Future bankers face fewer entry-level jobs as AI spreads across Wall Street
Students entering the sector are increasingly encountering AI-powered recruitment systems.
Artificial intelligence is reshaping banking from the hiring process to workforce planning, forcing students and employees to adapt as major lenders automate tasks and signal that some jobs may disappear.
The trend comes as senior banking executives publicly acknowledge AI’s potential to reduce staffing levels. Leaders at JPMorgan Chase, Citigroup, Goldman Sachs and Standard Chartered have all indicated that automation will replace some existing work, fueling concerns about job security across the industry.

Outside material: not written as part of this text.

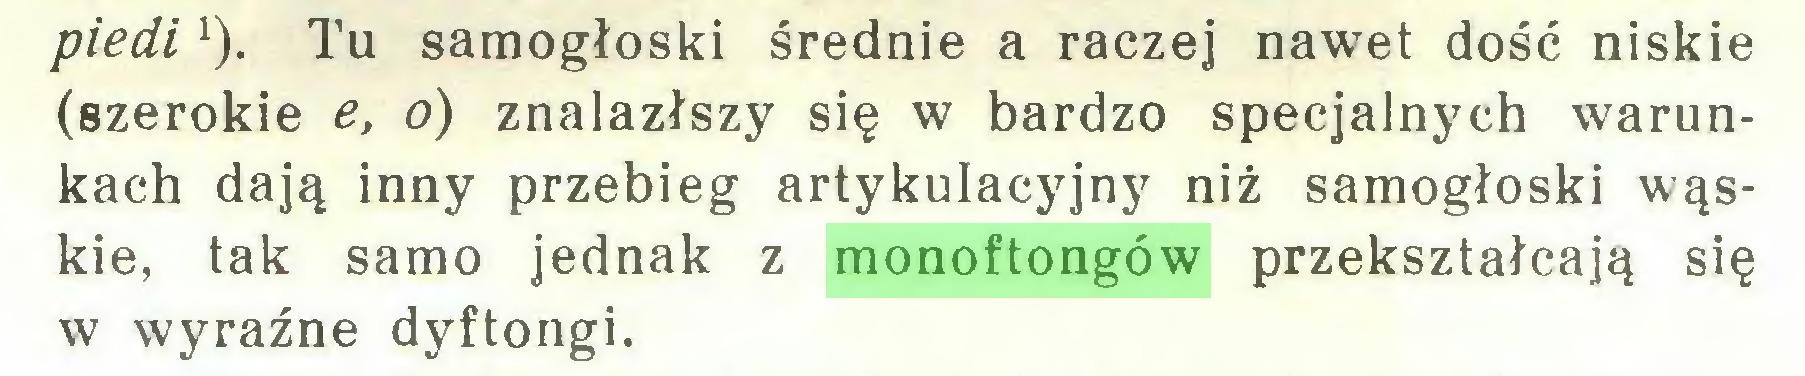 (...) piedi1). Tu samogłoski średnie a raczej nawet dość niskie (szerokie e, o) znalazłszy się w bardzo specjalnych warunkach dają inny przebieg artykulacyjny niż samogłoski wąskie, tak samo jednak z monoftongów przekształcają się w wyraźne dyftongi...

The numbers tell the story
The impact is already being felt at the entry level. Banks are shrinking some analyst classes while simultaneously recruiting talent with AI expertise. Students say breaking into the industry has become more difficult, prompting some to consider further education as they wait for opportunities to improve.
Standard Chartered has announced plans to eliminate nearly 7,800 roles by 2030, making it one of the most concrete commitments to AI-driven downsizing in the sector.
McKinsey’s Debasish Patnaik highlighted a particularly telling data point: banks are slashing junior analyst classes by as much as two-thirds. At the same time, roughly 62% of AI talent being sourced by banks comes from similar cohorts, meaning the surviving junior hires look very different from their predecessors.
HSBC’s executives urged staff in May 2026 not to “fight AI,” acknowledging that the technology will destroy some jobs while creating others.
Industry specialists, however, argue that graduate hiring will remain essential because banks depend on junior employees to build future leadership pipelines.
Rather than pursuing fully automated institutions, lenders are deploying AI in specific areas such as customer support, transaction monitoring and wealth management. Citigroup, Barclays and digital bank Revolut have all launched AI-driven tools designed to improve efficiency and customer service.
While some firms continue to hire interns and graduates in large numbers, the direction of travel is clear; banks expect AI to play a larger role in operations, with uncertain consequences for future employment.
Not just traditional finance
The efficiency drive extends beyond legacy banking. Crypto.com cut approximately 12% of its roughly 1,500-person workforce, eliminating around 180 roles, explicitly to integrate AI into its operations.
BitMEX co-founder Arthur Hayes, in a CoinDesk interview, pointed to the challenges that conventional banking faces from decentralized finance alternatives. The implication is that banks aren’t just competing against their own AI-augmented future versions. They’re also racing against DeFi protocols that were built from the ground up without the human overhead that traditional institutions are now scrambling to reduce.